Luis Nunes Vicente


Luis Nunes Vicente is an applied mathematician and optimizer who is known for his research work in Continuous Optimization and particularly in Derivative-Free Optimization. He is the Timothy J. Wilmott '80 Endowed Chair Professor and Department Chair of the Department of Industrial and Systems Engineering of Lehigh University.

Education

Luis Nunes Vicente was born in Coimbra, Portugal.
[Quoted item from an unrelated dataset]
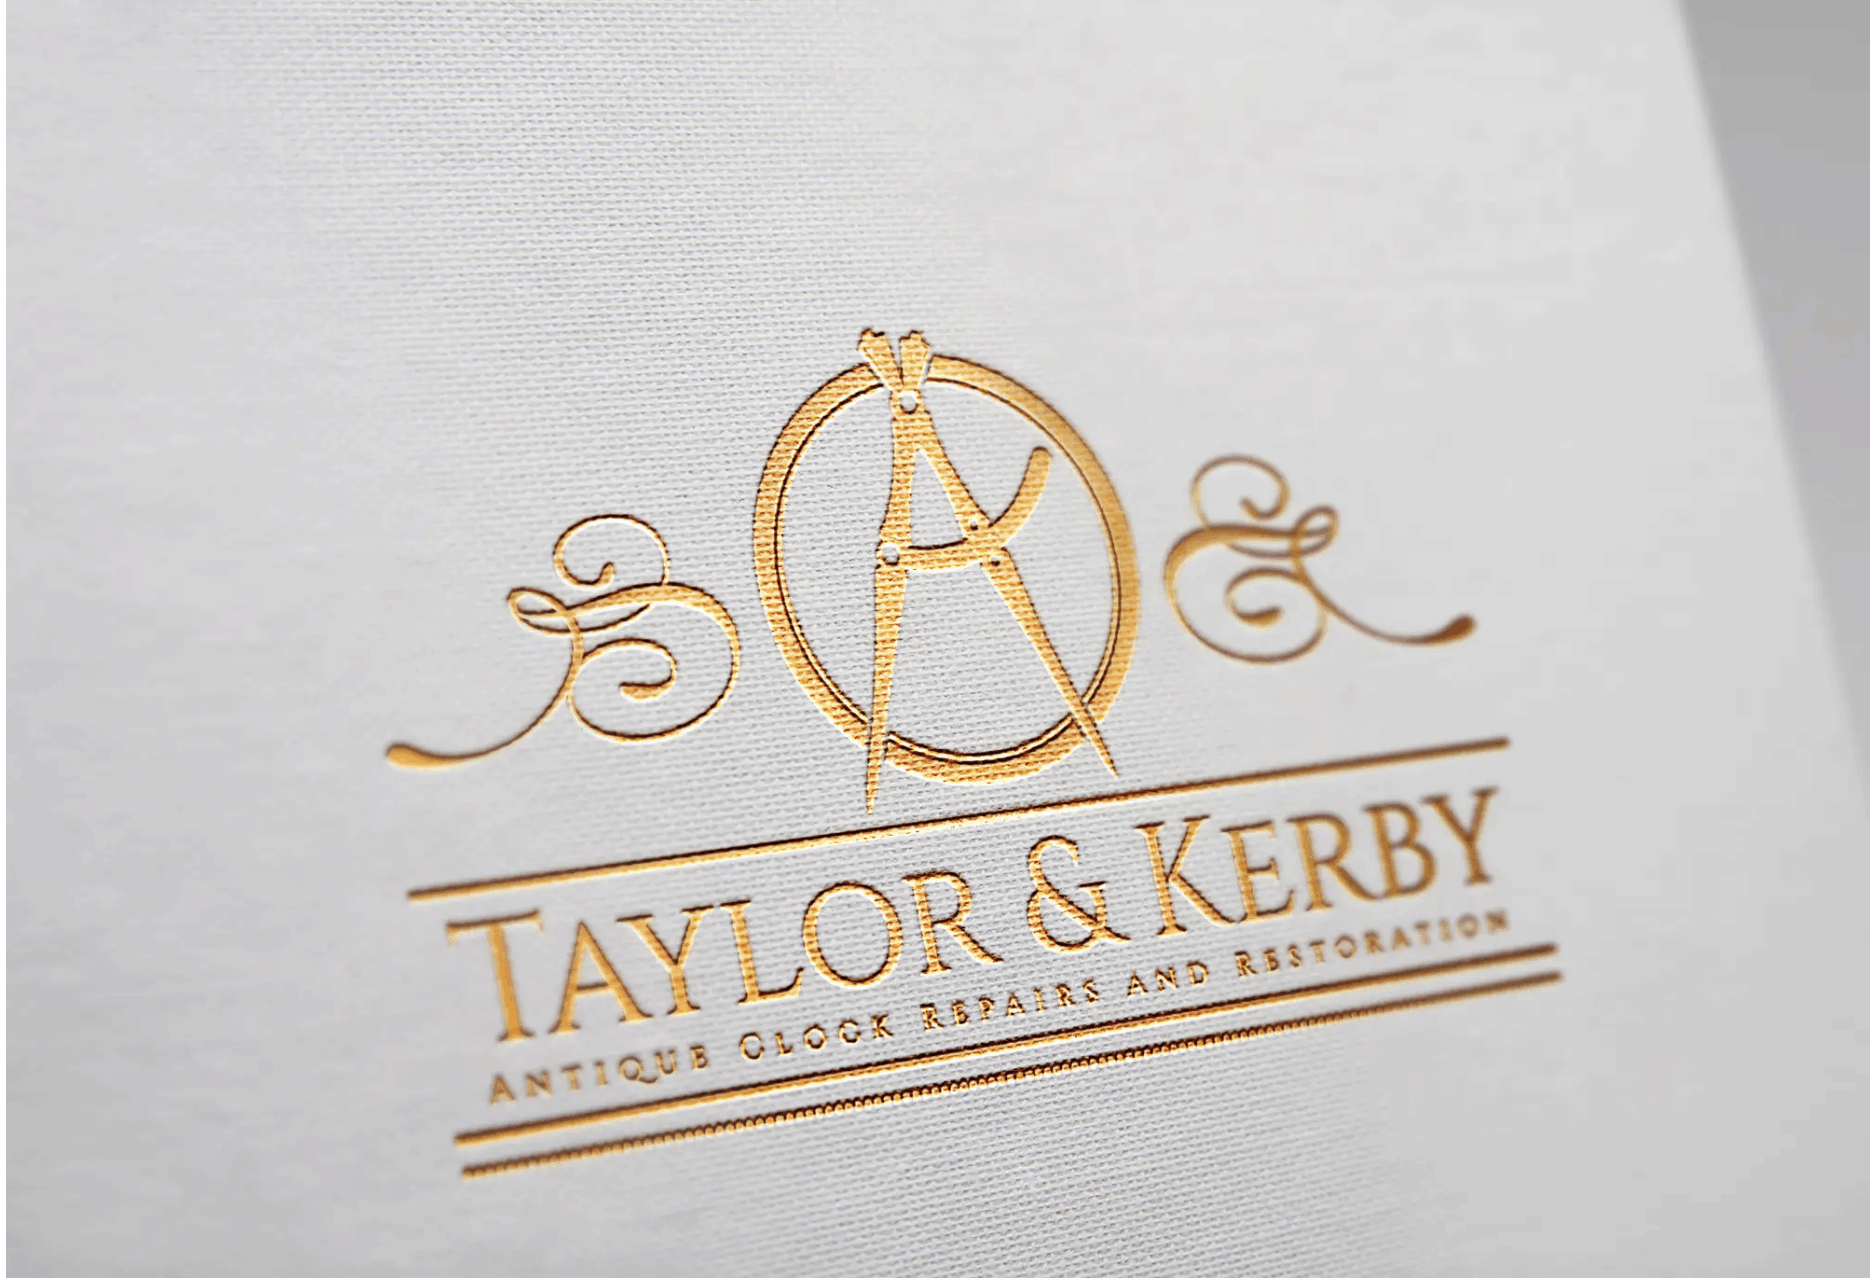 Custom logo created on Fiverr - Taylor & Kerby

He obtained a B.S. in Mathematics and Operations Research at the University of Coimbra in 1990. He continued his studies at Rice University, USA, earning a Ph.D. in Applied Mathematics in 1996. His Ph.D. dissertation, titled Trust-Region Interior-Point Algorithms for a Class of Nonlinear Programming Problems, was supervised by John Dennis.

Career

From 1996 to 2018, Luis Nunes Vicente was a faculty member at the Department of Mathematics of the University of Coimbra, Portugal, becoming full professor in 2009. He held several visiting positions, namely at the IBM T.J. Watson Research Center and the University of Minnesota in 2002-2003, at the Courant Institute of Mathematical Sciences, New York University and the Université Paul Verlaine of Metz in 2009-2010, and at Roma/Sapienza and Rice University in 2016-2017. He was visiting Chercheur Sénior of the Fondation de Coopération Sciences et Technologies pour l'Aéronautique et l'Espace at CERFACS and IPN Toulouse, during 2010-2015.
He has served on numerous editorial boards, including , EURO Journal on Computational Optimization, and . He was Editor-in-Chief of Portugaliae Mathematica during 2013-2018.

Book

Luis Nunes Vicente co-authored the book Introduction to Derivative-Free Optimization, MPS-SIAM Series on Optimization, SIAM, Philadelphia, 2009, with Katya Scheinberg and Andrew R. Conn.

Recognition

Luis Nunes Vicente was awarded the Lagrange Prize of SIAM and MOS for the co-authorship of the book Introduction to Derivative-Free Optimization.
With his Ph.D. dissertation, he received the Ralph Budd Thesis Award from Rice University in 1996 and was one of the three finalists of the 94-96 A. W. Tucker Prize of MOS. He is also the winner of the Lagrange Award.